*** Data below ***

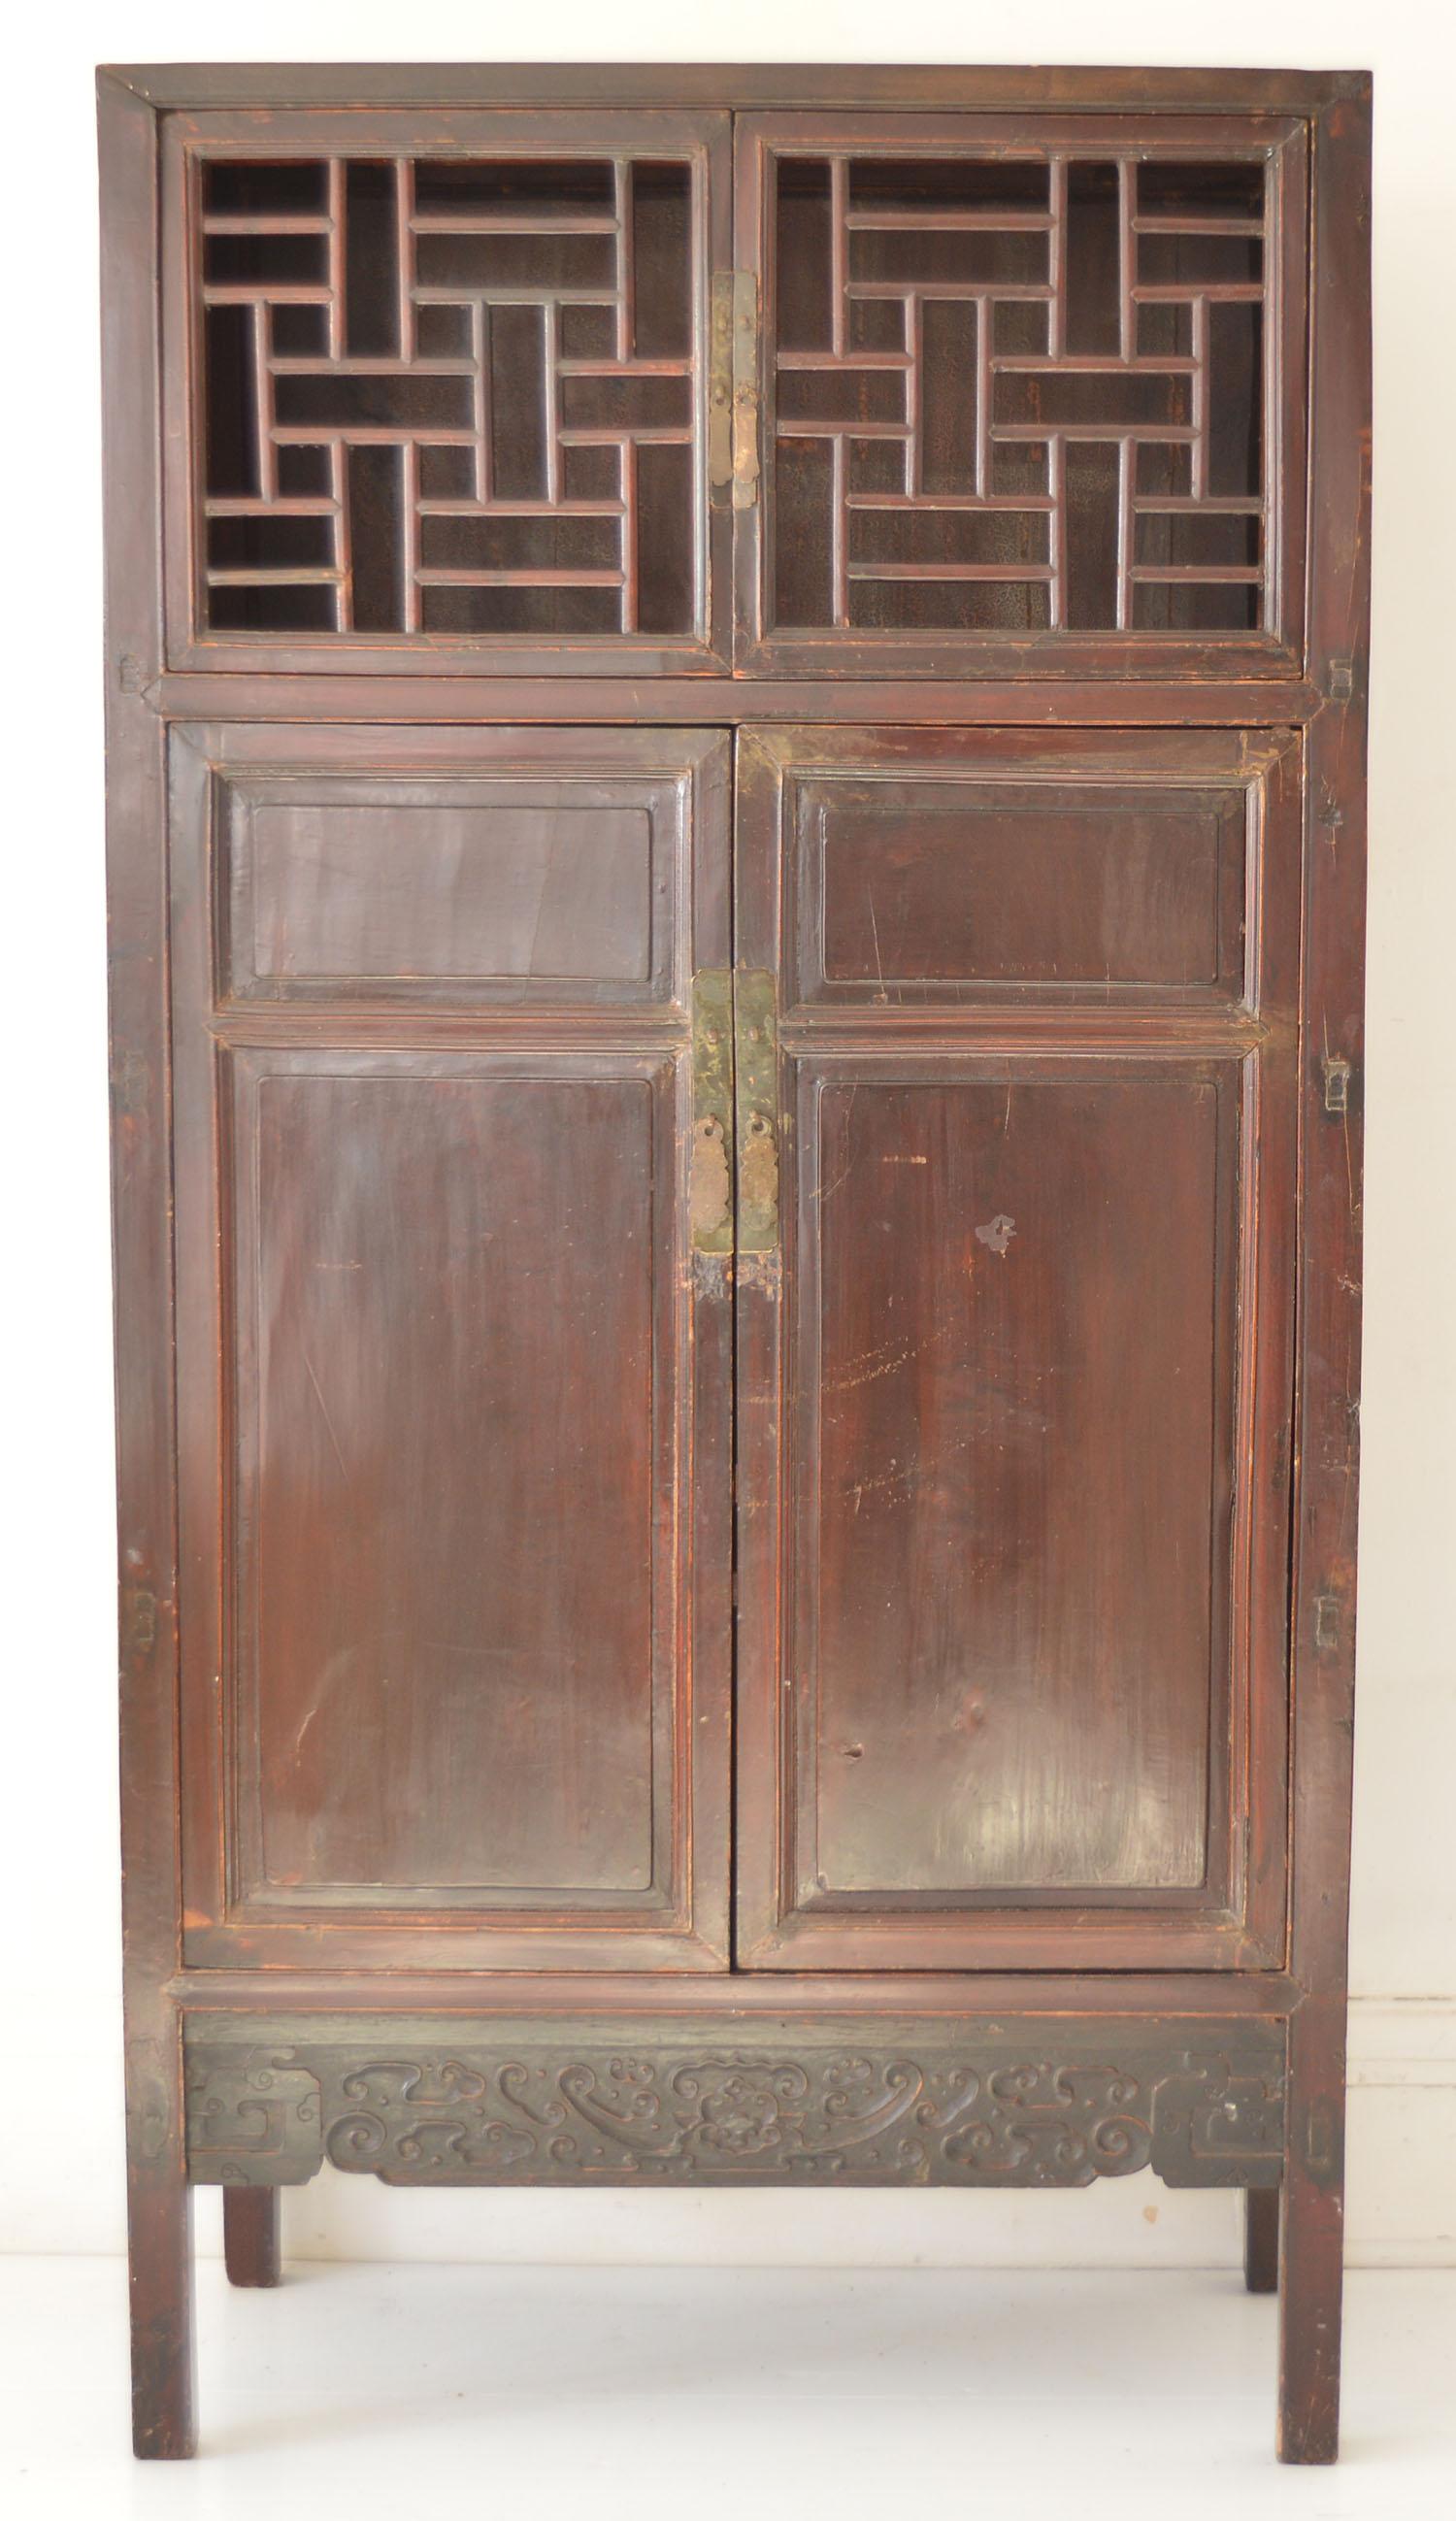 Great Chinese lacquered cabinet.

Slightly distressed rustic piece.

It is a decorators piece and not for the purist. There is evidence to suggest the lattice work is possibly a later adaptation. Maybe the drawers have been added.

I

*** End of Data below ***

**What the exercise asks:** Output exactly the lines of the data that run from the one containing "Slightly distressed rustic piece." to the very last line, and no others.

**Answer area:**
Slightly distressed rustic piece.

It is a decorators piece and not for the purist. There is evidence to suggest the lattice work is possibly a later adaptation. Maybe the drawers have been added.

I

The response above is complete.